= Achmet (oneiromancer) =

Writer

Achmet, son of Seirim (Ἀχμὲτ υἱὸς Σειρείμ), the author of a work on the interpretation of dreams, the Great Book of Interpretation of Dreams, is probably not the same person as Abu Bekr Mohammed Ben Sirin, whose work on the same subject is still extant in Arabic in the Royal Library at Paris, and who was born AH 33 (AD 653-4) and died AH 110 (AD 728-9).

The two names Ahmed or Achimet and Mohammed consist in Arabic of four letters each, and differ only in the first.

There are many differences between Achmet's work, in the form in which we have it, and that of Ibn Sirin, as the writer of the former (or the translator) appears from internal evidence to have been certainly a Christian, (c. 2, 150, &c.) It exists only in Greek, or rather it has only been published in that language.

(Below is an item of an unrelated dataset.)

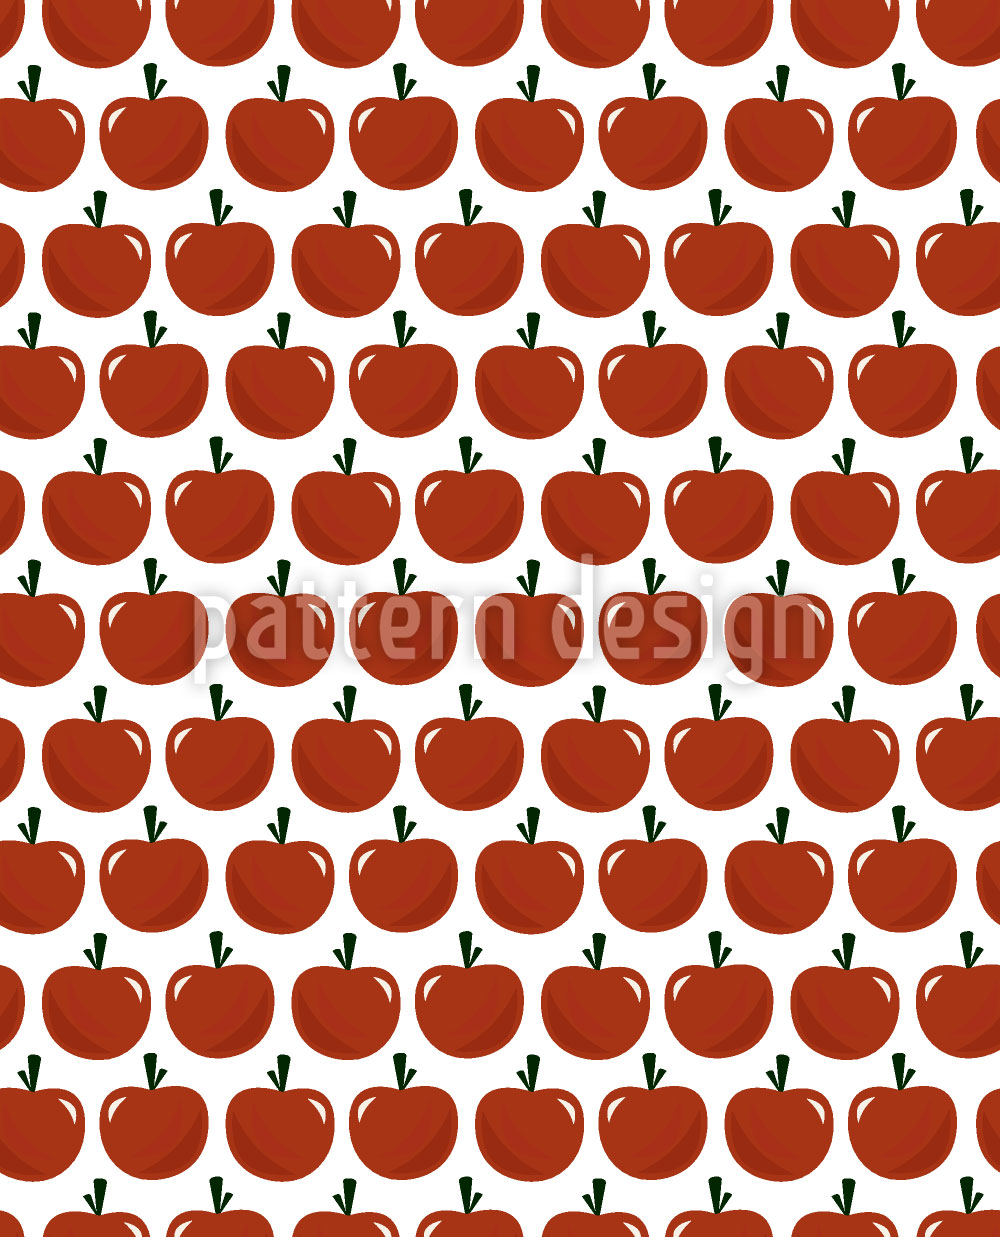 Designtapete Apfel Oder Tomate

It consists of three hundred and four chapters, and professes to be derived from what has been written on the same subject by the Indians, Persians, and Egyptians. It was translated out of Greek into Latin about the year 1160, by Leo Tuscus, of which work two specimens are to be found in Gasp. Barthii Adversaria. Around 1165, it was used as a source by Pascalis Romanus for his Liber thesauri occulti, a Latin compilation on dream interpretation that also draws on Artemidorus. It was first published at Frankfort, 1577, 8vo., in a Latin translation, made by Leunclavius, from a very imperfect Greek manuscript, with the title "Apomasaris Apotelesmata, sive de Significatis et Eventis Insomniorum, ex Indorum, Persarum, Aegyptiorumque Disciplina."

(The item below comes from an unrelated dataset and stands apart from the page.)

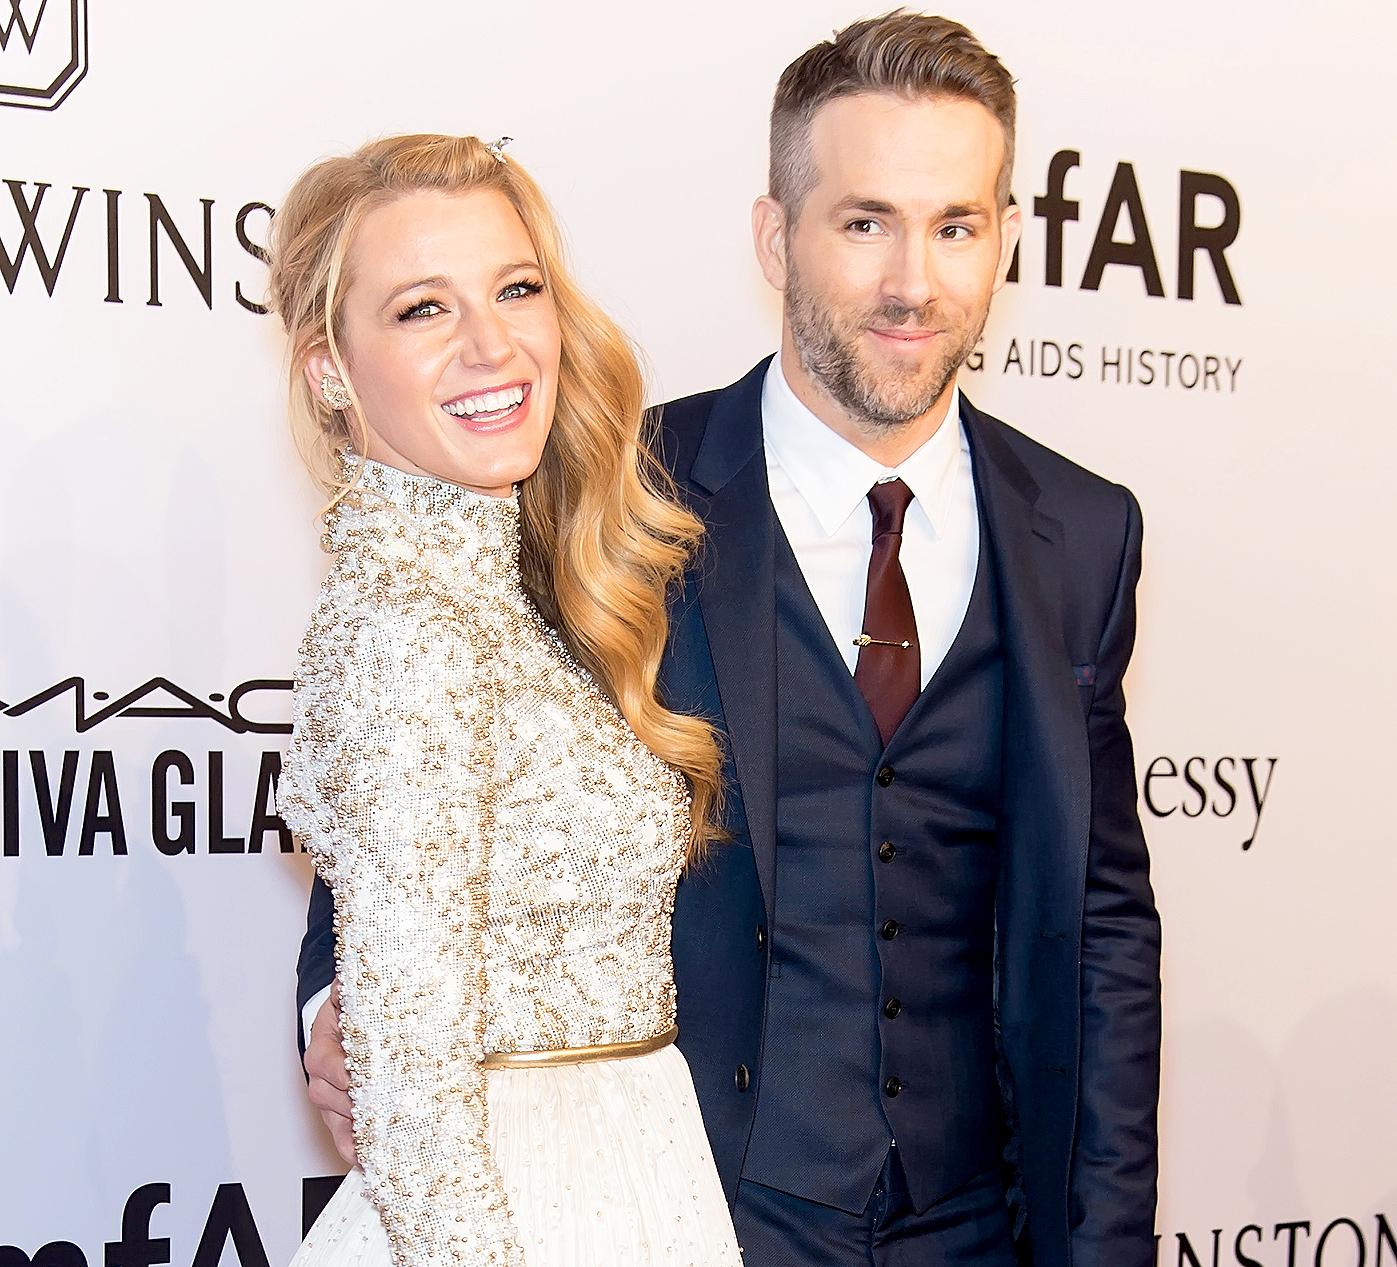 Blake Lively and Ryan Reynolds attend the 2016 amfAR New York Gala.

The word Apomasares is a corruption of the name of the famous Albumasar, or Abu Ma'shar, and Leunclavius afterwards acknowledged his mistake in attributing the work to him. It was published in Greek and Latin by Rigaltius, and appended to his edition of the Oneirocritica of Artemidorus, Lutet. Paris. 1603, 4to., and some Greek various readings are inserted by Jacobus De Rhoer in his Otium Daventriense. It has also been translated into Italian, French, and German.

== Teachings ==
In a dream, a tall, kind eunuch represents an angel.